> _REQUIRED ACTION_
Once the pictures are set aside, transcribe each line of the data exactly.

> _RECORDED DATA_

++++

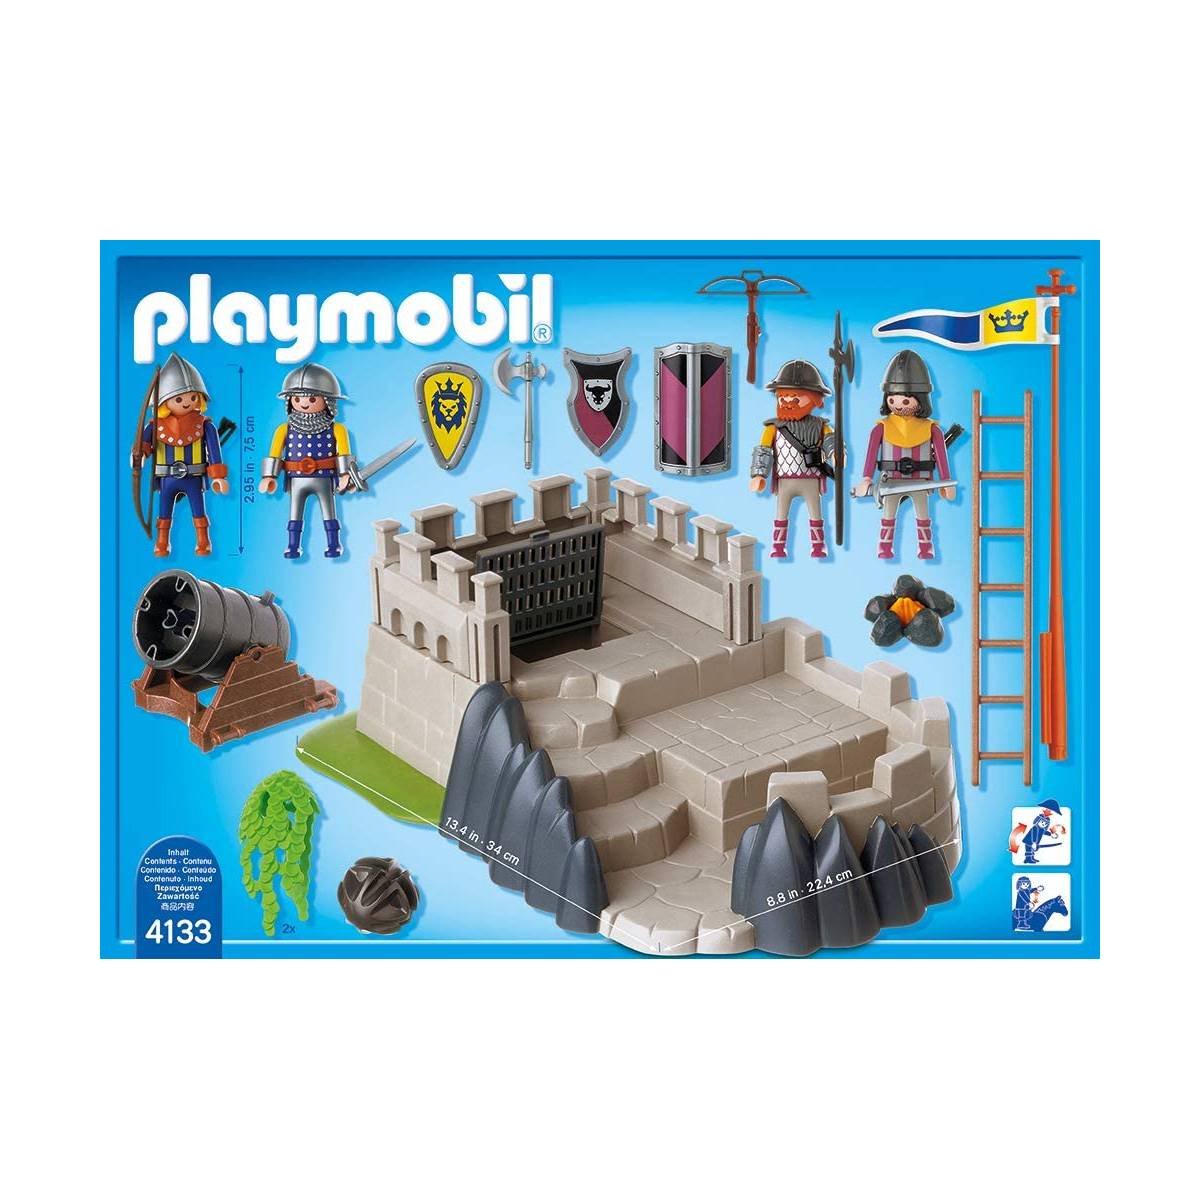 Chevalier Playmobil - Merveille & bout de chandelle
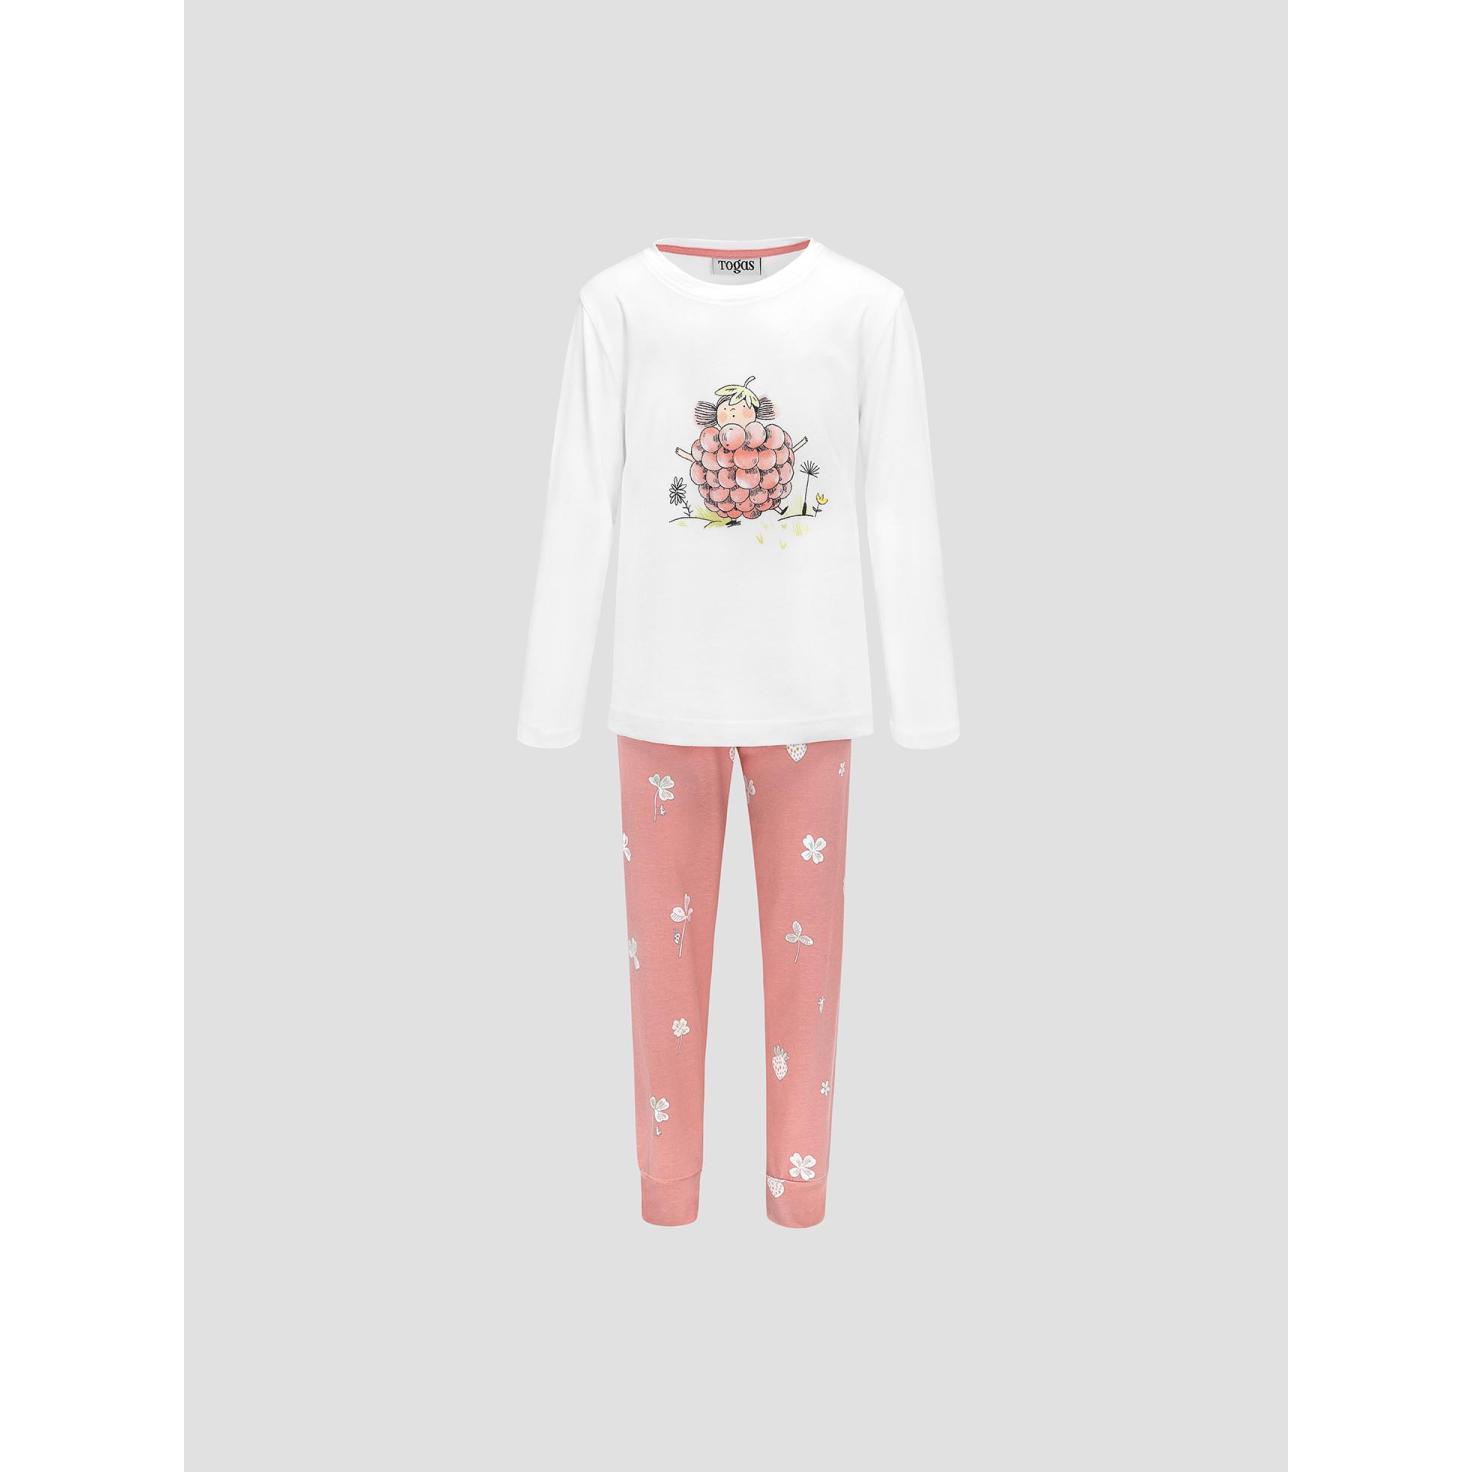 Пижама для девочек Kids by togas Стробби бело-розовый 116-122 см жен пижама с брюками аврора желтый р 50
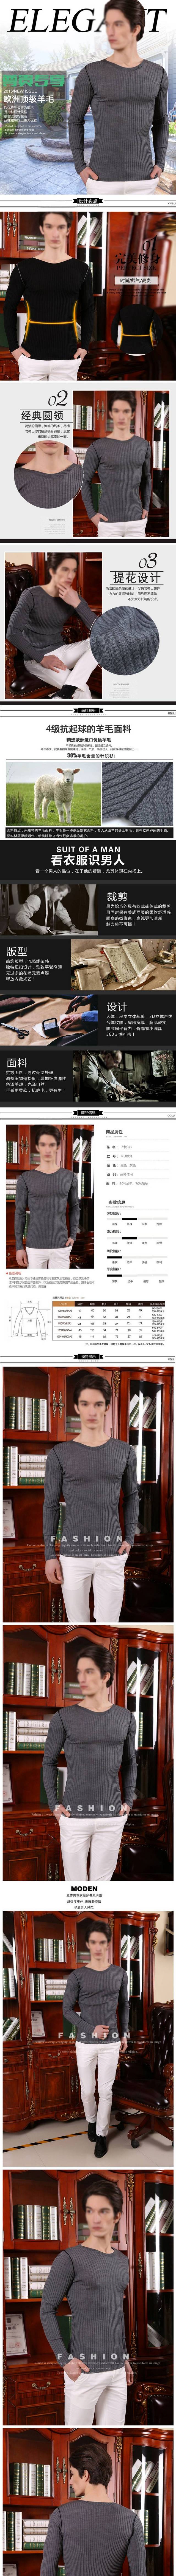 冬季男款羊毛衫宝贝产品描述细节详情页

++++

> _RESULT_
 Chevalier Playmobil - Merveille & bout de chandelle
 Пижама для девочек Kids by togas Стробби бело-розовый 116-122 см жен пижама с брюками аврора желтый р 50
 冬季男款羊毛衫宝贝产品描述细节详情页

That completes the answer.